Outside of her professional life, she enjoys golf, breadmaking, travel, and spending time with friends and family. Most recently, she travelled on safari through Botswana and Zimbabwe. She is also a proud cat owner to two Maine Coons, Kevin and Oscar.
Limor Markman is a business and AI strategist who helps organizations create a clear AI strategy and plan one that drives growth, improves efficiency, and keeps people at the center.
As an early adopter of AI, Limor has spent years working alongside businesses of all sizes to integrate AI not as a technology project, but as a strategic one. A sought-after speaker, trainer, and coach, she is known for making complex ideas accessible, challenging her audiences to think differently, and leaving people with perspectives they actually use.
As the founder of Absolute Ascent, Limor and her team work with business owners and organizational leaders through trainings, workshops, one-on-one coaching, and consulting engagements. Whether the goal is building an AI strategy from scratch, streamlining operations, or developing automated tools that free up time for higher-value work, the focus is always the same: sustainable, meaningful growth. Absolute Ascent works with clients across Canada, the United States, and Europe.
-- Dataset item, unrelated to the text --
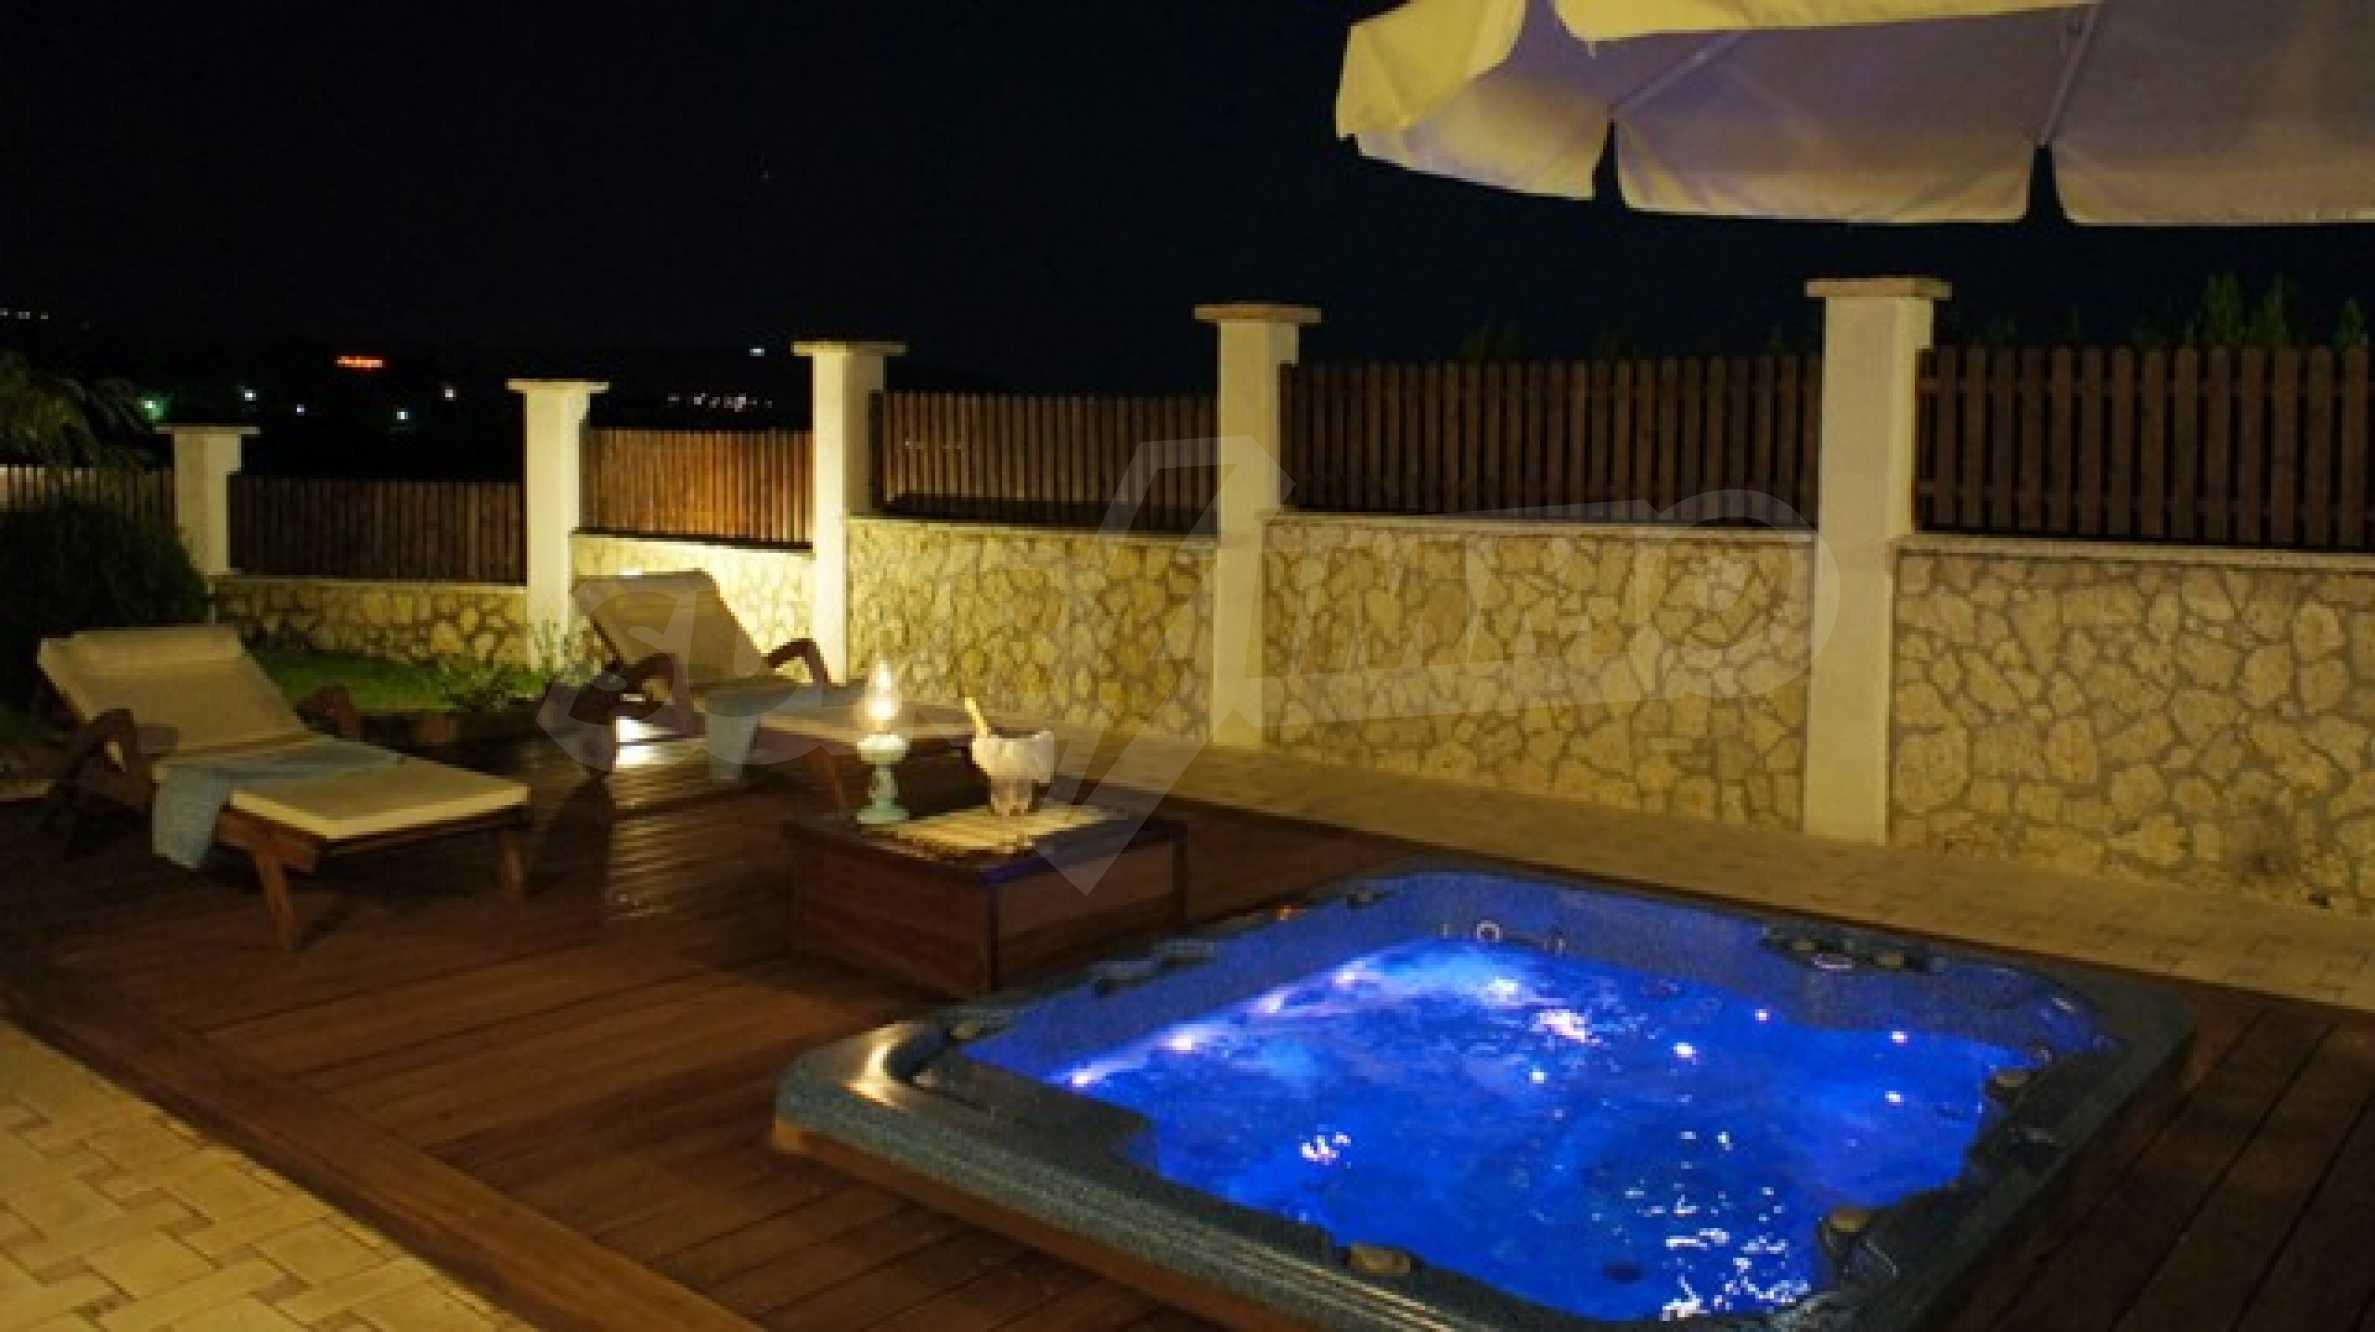 Mediterraner Stil - Luxus zum Sonderpreis 58

Limor's insights have been featured in BNN, Global News, The Globe and Mail, and The Huffington Post. She is also a mother of two daughters, which, she'll tell you, has taught her more about how to adapt, rethink your approach, and evolve than any business book ever could.
Rumina Morris is an esteemed expert in Anti-Racism, Anti-Oppression, Equity, and Inclusion, offering consulting and coaching services to leaders and organizations dedicated to enacting positive organizational change. She has a distinguished career spanning over two decades in leadership roles within the human services sector. Rumina is registered social worker and provides counselling services that support the healing racism, oppression and intergenerational trauma.
Rumina has consistently advocated for social justice and human rights, leveraging her leadership role to draw attention to systemic inequities and support for transformative change. Rumina is committed to lifelong learning and unlearning and is recognized for her dynamic and engaging approach. She facilitates critical self-reflection and raises awareness about unconscious biases by creating a space that encourages others to do the same. Her exploration of organizational culture through an equity lens sheds light on growth opportunities, reflecting her commitment to fostering inclusive and equitable environments.
Rumina Morris stands as a catalyst for positive change, offering invaluable insights to organizations seeking to advance their commitment to equity and inclusion initiatives that support belonging. She was the recipient of the 2022 Ontario Association of Social Workers Community Contribution Award and was recognized as an honouree of the 2024 City of London’s Mayor’s New Years Honour List. In 2024, Rumina was awarded an Honorary Degree from Fanshawe College for her community level impact. She has recently completed her Masters in consulting and leading organizations in psychodynamics and systems approaches through the University of Essex.